Одна из крыс, выскользнув из тумана, не метнулась под ногами, а остановилась, поводя мордочкой и принюхиваясь к чему-то гораздо более важному, чем я. Я остановился. Крыса бросила на меня быстрый взгляд, видимо, оценила расстояние и степень опасности. И снова уставилась куда-то в туман. Потом переступила лапами, развернулась и скользнула обратно, откуда пришла.

Я поежился. Голова у меня уже не болела, да, и за это, несомненно, стоило поблагодарить психиатра. Но нормальный здоровый страх непонятных мест, – особенно если эти места не внушали ровным счетом никакого доверия, – у меня никуда не исчез.

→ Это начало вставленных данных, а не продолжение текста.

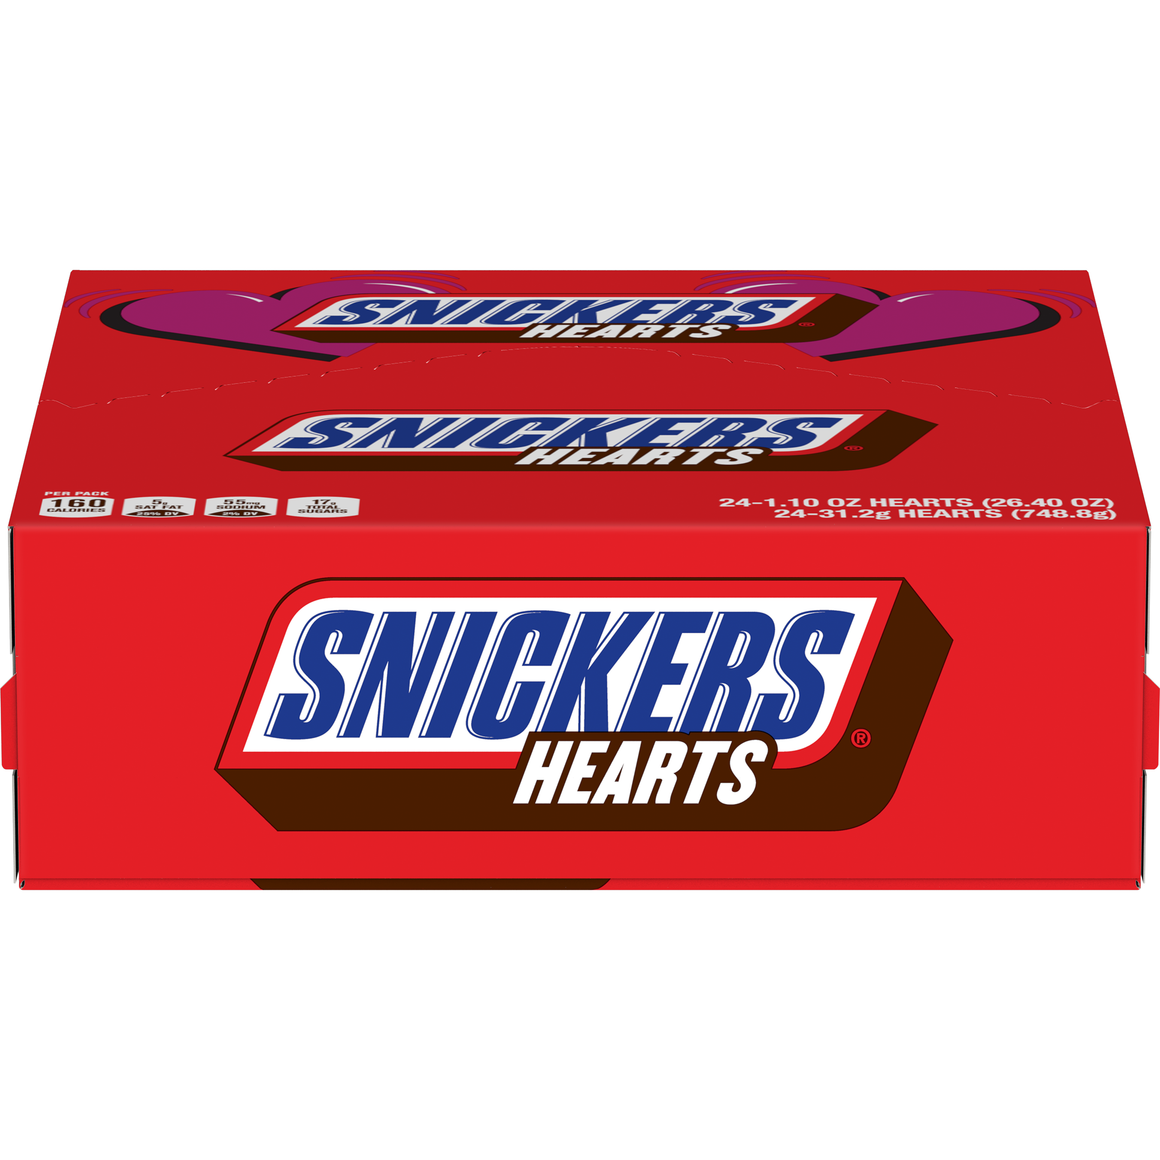 All City Candy Snickers Hearts Chocolate Bar - 1.10 oz 1 Bar Mars Chocolate For fresh candy and great service, visit www.allcitycandy.com

Я помялся на месте, вглядываясь в туман и отчего-то ощущая себя крысой, которую только что видел. Мне хотелось поступить в точности как она: развернуться и быстро покинуть это место. Но что-то, – то ли какой-то подростковый заочный стыд перед врачом за свою трусость, то ли желание завершить начатое, – не давали это сделать.

За моей спиной послышались голоса. Какая-то компания, – судя по обрывкам реплик, тоже направляющаяся в театр фон Клейста, – обогнула меня, смерила пренебрежительными взглядами и пошла дальше.

Я отправился вслед за ней.

В билетной кассе из-за стекла на меня воззрилась морда, – это же у них называется мордой, да? – какого-то очередного головоногого. Существо что-то пробулькало.

– Слько блет?

– Что? – переспросил я.

Существо как-то пошло все складками, исчезло из поля зрения и вынырнуло через пару секунд с табличкой, которую приложило к стеклу.

«СКОЛКО БЕЛЕТОВ?» – гласила она.

– Один, – ответил я. – На восьмой ряд, если есть, пожалуйста.

Существо открыло было клюв, а потом махнуло щупальцем и приложило еще одну табличку.

«45». Пятерка была зеркально развернута.

– Грабеж, – больше для проформы, чем действительно желая торговаться, буркнул я и отсчитал требуемую сумму.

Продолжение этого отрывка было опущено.